**ENTRIES PROVIDED:**
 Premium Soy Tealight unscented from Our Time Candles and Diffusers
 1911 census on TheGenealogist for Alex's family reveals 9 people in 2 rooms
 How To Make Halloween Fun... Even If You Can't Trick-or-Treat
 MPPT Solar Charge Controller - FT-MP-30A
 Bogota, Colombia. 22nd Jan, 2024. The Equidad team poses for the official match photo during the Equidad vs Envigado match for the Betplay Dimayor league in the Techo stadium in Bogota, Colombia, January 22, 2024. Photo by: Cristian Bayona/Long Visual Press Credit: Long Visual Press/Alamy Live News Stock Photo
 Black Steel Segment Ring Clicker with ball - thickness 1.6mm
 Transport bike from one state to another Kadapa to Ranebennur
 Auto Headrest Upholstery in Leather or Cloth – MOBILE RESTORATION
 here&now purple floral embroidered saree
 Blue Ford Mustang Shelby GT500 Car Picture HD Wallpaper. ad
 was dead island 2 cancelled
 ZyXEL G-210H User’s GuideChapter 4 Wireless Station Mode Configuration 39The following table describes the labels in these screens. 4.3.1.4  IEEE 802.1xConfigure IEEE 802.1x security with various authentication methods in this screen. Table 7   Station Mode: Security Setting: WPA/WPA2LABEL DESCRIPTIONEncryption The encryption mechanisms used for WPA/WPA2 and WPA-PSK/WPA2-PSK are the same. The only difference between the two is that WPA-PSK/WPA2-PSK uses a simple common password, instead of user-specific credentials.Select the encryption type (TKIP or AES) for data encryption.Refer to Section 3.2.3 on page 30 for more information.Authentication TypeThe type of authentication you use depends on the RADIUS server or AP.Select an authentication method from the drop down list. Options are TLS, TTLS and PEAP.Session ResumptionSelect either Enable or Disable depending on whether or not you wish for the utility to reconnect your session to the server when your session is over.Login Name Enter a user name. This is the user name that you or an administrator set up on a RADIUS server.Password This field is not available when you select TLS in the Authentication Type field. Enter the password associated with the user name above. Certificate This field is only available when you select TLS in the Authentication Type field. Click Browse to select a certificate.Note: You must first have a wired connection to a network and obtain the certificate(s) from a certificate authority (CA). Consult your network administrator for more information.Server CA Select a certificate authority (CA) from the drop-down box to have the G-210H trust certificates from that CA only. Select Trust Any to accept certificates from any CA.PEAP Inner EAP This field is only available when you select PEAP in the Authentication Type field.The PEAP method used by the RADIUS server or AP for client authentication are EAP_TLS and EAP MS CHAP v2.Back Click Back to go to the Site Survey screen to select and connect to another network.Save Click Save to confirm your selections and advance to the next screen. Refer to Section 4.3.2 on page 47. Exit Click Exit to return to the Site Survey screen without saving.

**ASSIGNMENT:**
Only the lines from the start of the material through the line containing "was dead island 2 cancelled" belong in the answer, each copied exactly.

**TASK ANSWER:**
 Premium Soy Tealight unscented from Our Time Candles and Diffusers
 1911 census on TheGenealogist for Alex's family reveals 9 people in 2 rooms
 How To Make Halloween Fun... Even If You Can't Trick-or-Treat
 MPPT Solar Charge Controller - FT-MP-30A
 Bogota, Colombia. 22nd Jan, 2024. The Equidad team poses for the official match photo during the Equidad vs Envigado match for the Betplay Dimayor league in the Techo stadium in Bogota, Colombia, January 22, 2024. Photo by: Cristian Bayona/Long Visual Press Credit: Long Visual Press/Alamy Live News Stock Photo
 Black Steel Segment Ring Clicker with ball - thickness 1.6mm
 Transport bike from one state to another Kadapa to Ranebennur
 Auto Headrest Upholstery in Leather or Cloth – MOBILE RESTORATION
 here&now purple floral embroidered saree
 Blue Ford Mustang Shelby GT500 Car Picture HD Wallpaper. ad
 was dead island 2 cancelled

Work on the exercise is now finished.